Compound Targets for E. abyssinica

The PubChem database (http://pubchem.ncbi.nlm.nih.gov/) was used as an online chemical database[26] to obtain the 3D molecular structure of isolated compounds. The 3D molecular structure files were imported into the Binding DB database (https://www.bindingdb.org/bind/index.jsp),[27] which is a drug-target identification online tool. After combining the duplicate data, we selected target genes with normalized fit scores greater than 0.7 as targets for E. abyssinica-isolated compounds (Table S1).

Breast Cancer Targets

The NCBI Gene database (http://www.ncbi.nlm.nih.gov/gene/),[28] the Online UniProtKB/Swiss-Prot database (https://www.uniprot.org/help/uniprotkb),[29] and the DrugBank database (http://www.drugbank.ca/)[30] were all used to obtain breast cancer-related genes.

Protein–Protein Interaction (PPI) Data

The PPI data were obtained from the online databases DisGeNET (https://www.disgenet.org/search)[31] and STRING (https://string-db.org/cgi/network?taskId=bIDN4htc9NBY&sessionId=bZWvNlZHMn9h)[32] as reliable databases for predicting protein–protein interactions. The target proteins were chosen with the human species “H. sapiens” and a confidence score greater than 0.4. DisGeNET and STRING were used to identify the proteins that interacted with the identified targets of E. abyssinica-isolated compounds and breast cancer directly or indirectly.

Network Construction

The obtained networks were visualized and restructured using the Cytoscape network analysis software,[33] version 3.9.0 (a software platform that visualizes complex networks and integrates the results).

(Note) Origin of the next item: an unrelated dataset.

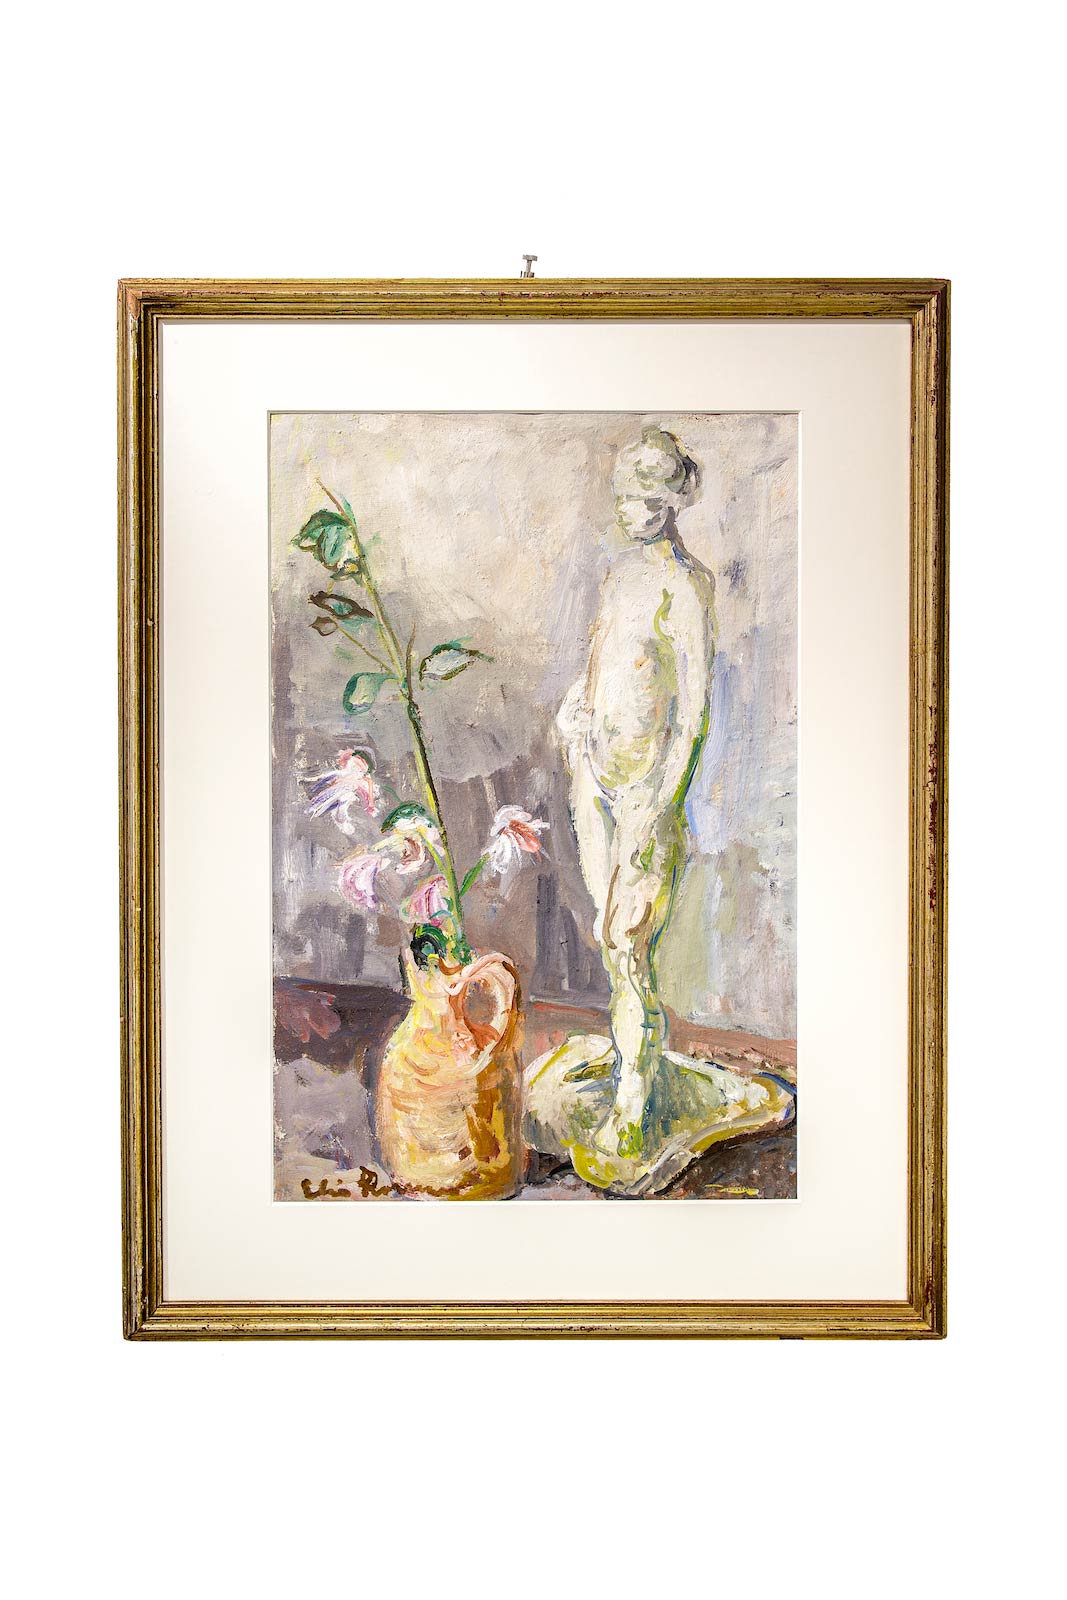 Elio Romano (Trapani, 1909 – Catania, 1996). Still life with a Statua. 56x40, Oil painting on

Gene Ontology and Pathway Analysis

For all potential targets, the KEGG (Kyoto Encyclopedia of Genes)-enrichment analyses (https://www.genome.jp/kegg)[34] and Gene Ontology (ShinyGO) database (http://bioinformatics.sdstate.edu/go/)[35] were employed to investigate the biological process, cellular component, and associated pathways.

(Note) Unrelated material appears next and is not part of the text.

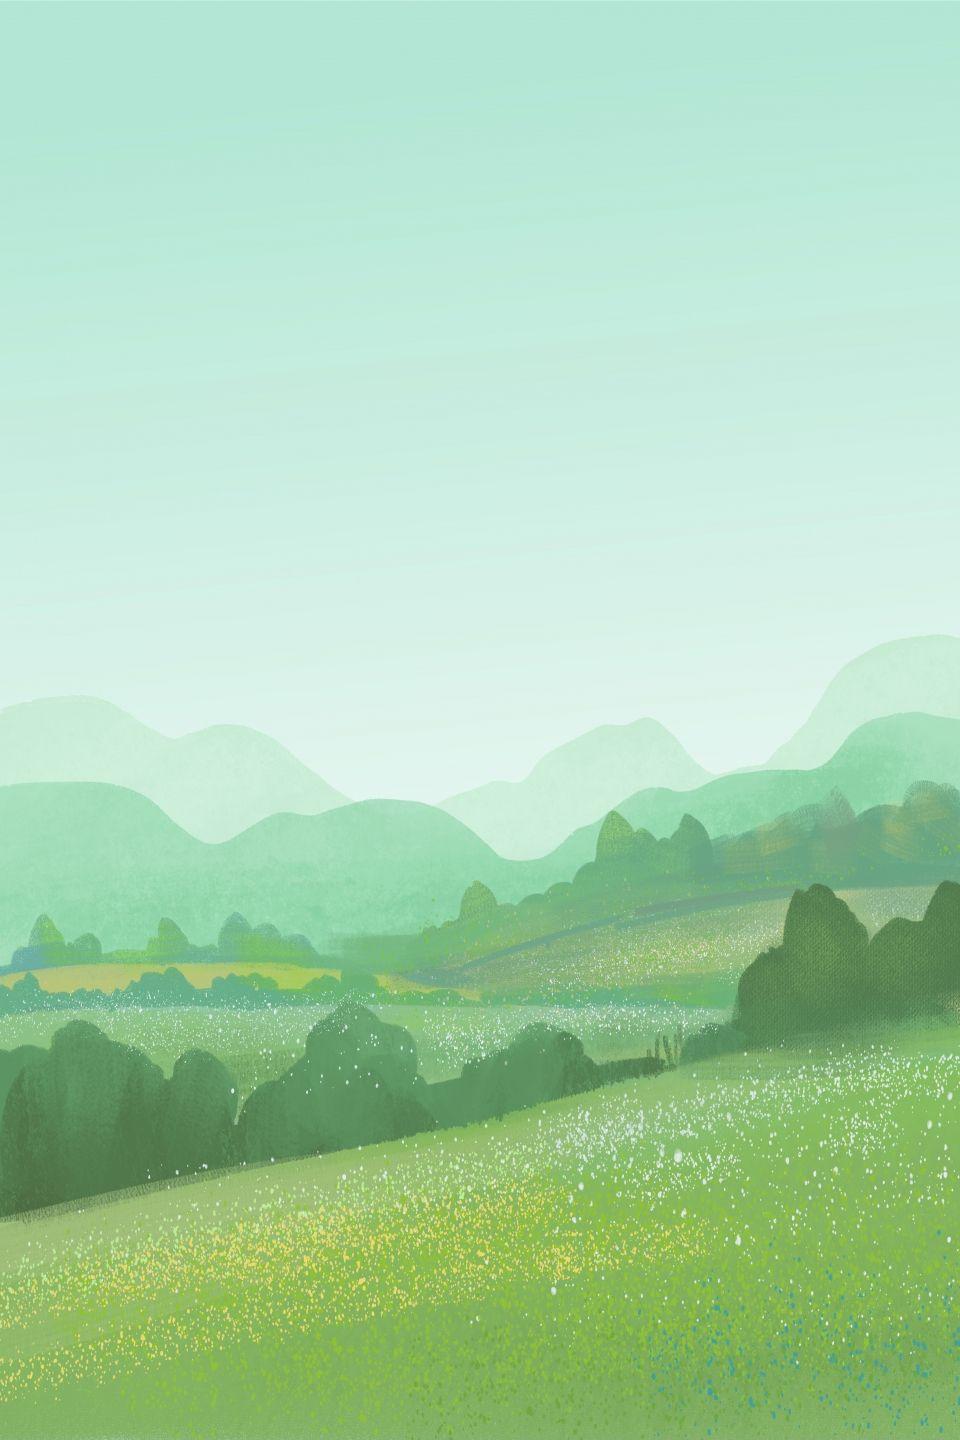 Spring Green Fresh H5 Background Wallpaper Image For

ICM-PRO[36] (www.molsoft.com) was used for the calculation of physicochemical descriptors and prediction of the ADMET properties and drug-likeness of isolated compounds (absorption, distribution, metabolism, excretion, and toxicity). Several scores, including “Blood–Brain Barrier Score” (if score is >4, then it indicates that the chemical can pass the BBB), “ToxScore” (if score is ≥1, then it indicates likely toxicity based on substructure match), “MolLD50” that predicts LD50 in mg/kg (a value of <0 indicates 1 mg/kg toxicity, and a value of 2 indicates 100 mg/kg toxicity), “MolCACO2” that predicts CACO-2 permeability LogP (a value > −5 indicates high permeability), “MolPAMPA” that predicts PAMPA permeability (a value > −5 indicates high permeability), “MolPAINS” for pan-assay interference compounds (a value > 0.5 indicates high probability of being a PAINS compound), and “MolHERG” that indicates interaction with hERG protein (values ≥ 0.5 indicate potential interaction), were used for the calculation of ADMET parameters and evaluation of the potency of isolated compounds.

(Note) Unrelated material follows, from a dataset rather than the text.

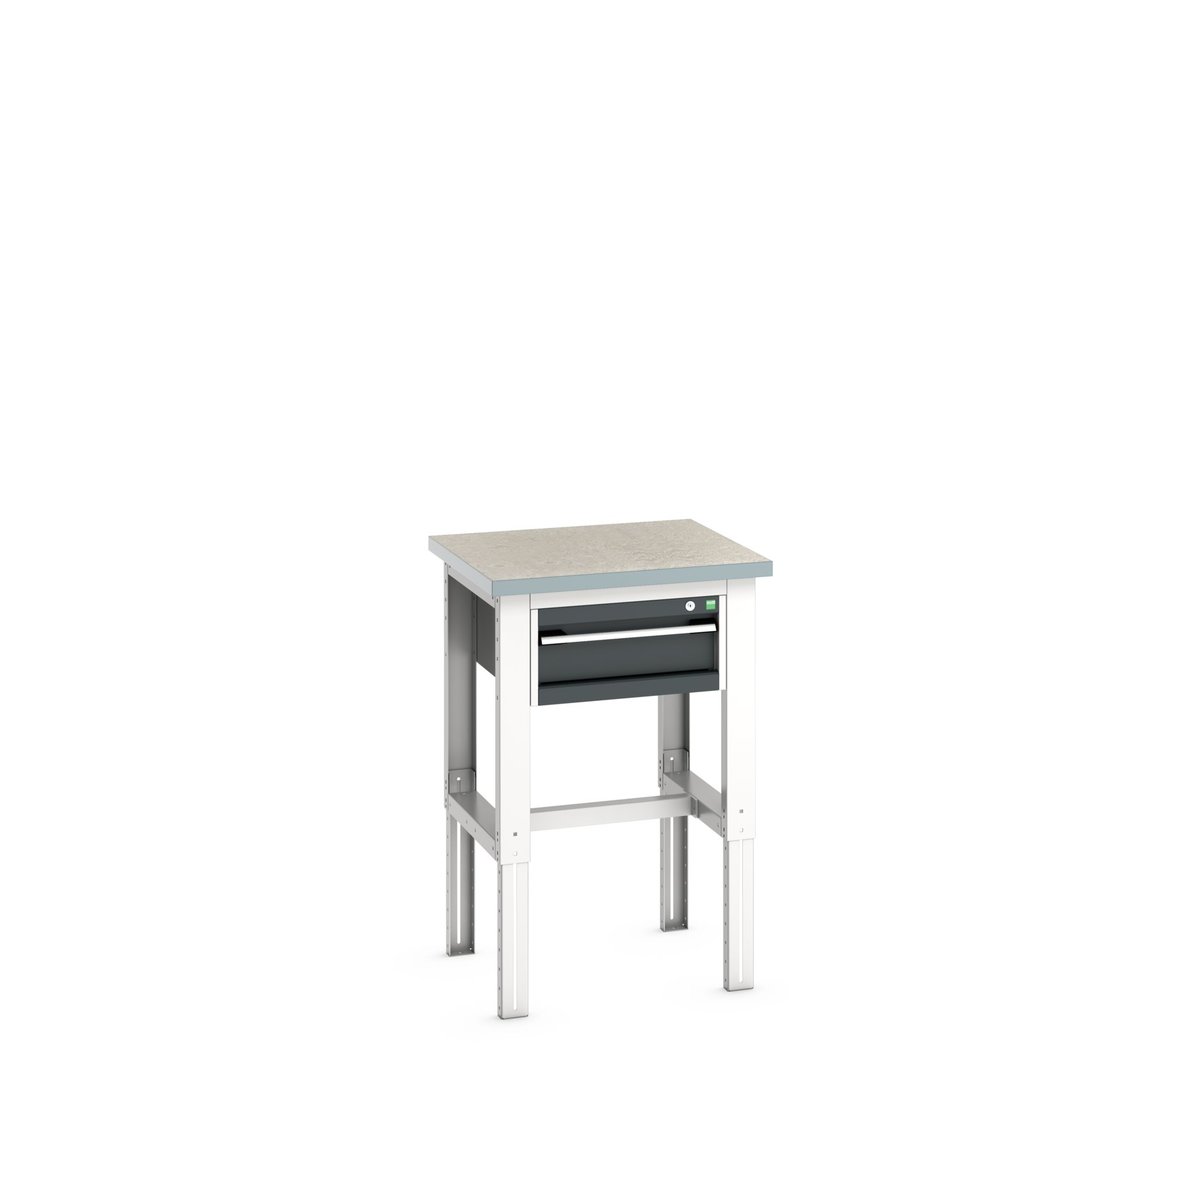 41003532. - cubio framework bench (lino)

The Kernel Regression Chemical Fingerprint Classification (KCC) model, which is a hybrid 2D QSAR/fingerprint machine learning model of MolScreen, was used for evaluation of potential interaction of studied compounds with one of the most key proteins associated with breast cancer, the progesterone receptor. Several scores were used to evaluate potential interaction: “molScore” (score > 3 indicates a binder) and “molpKd” (score > 6 indicates interaction at submicromolar values).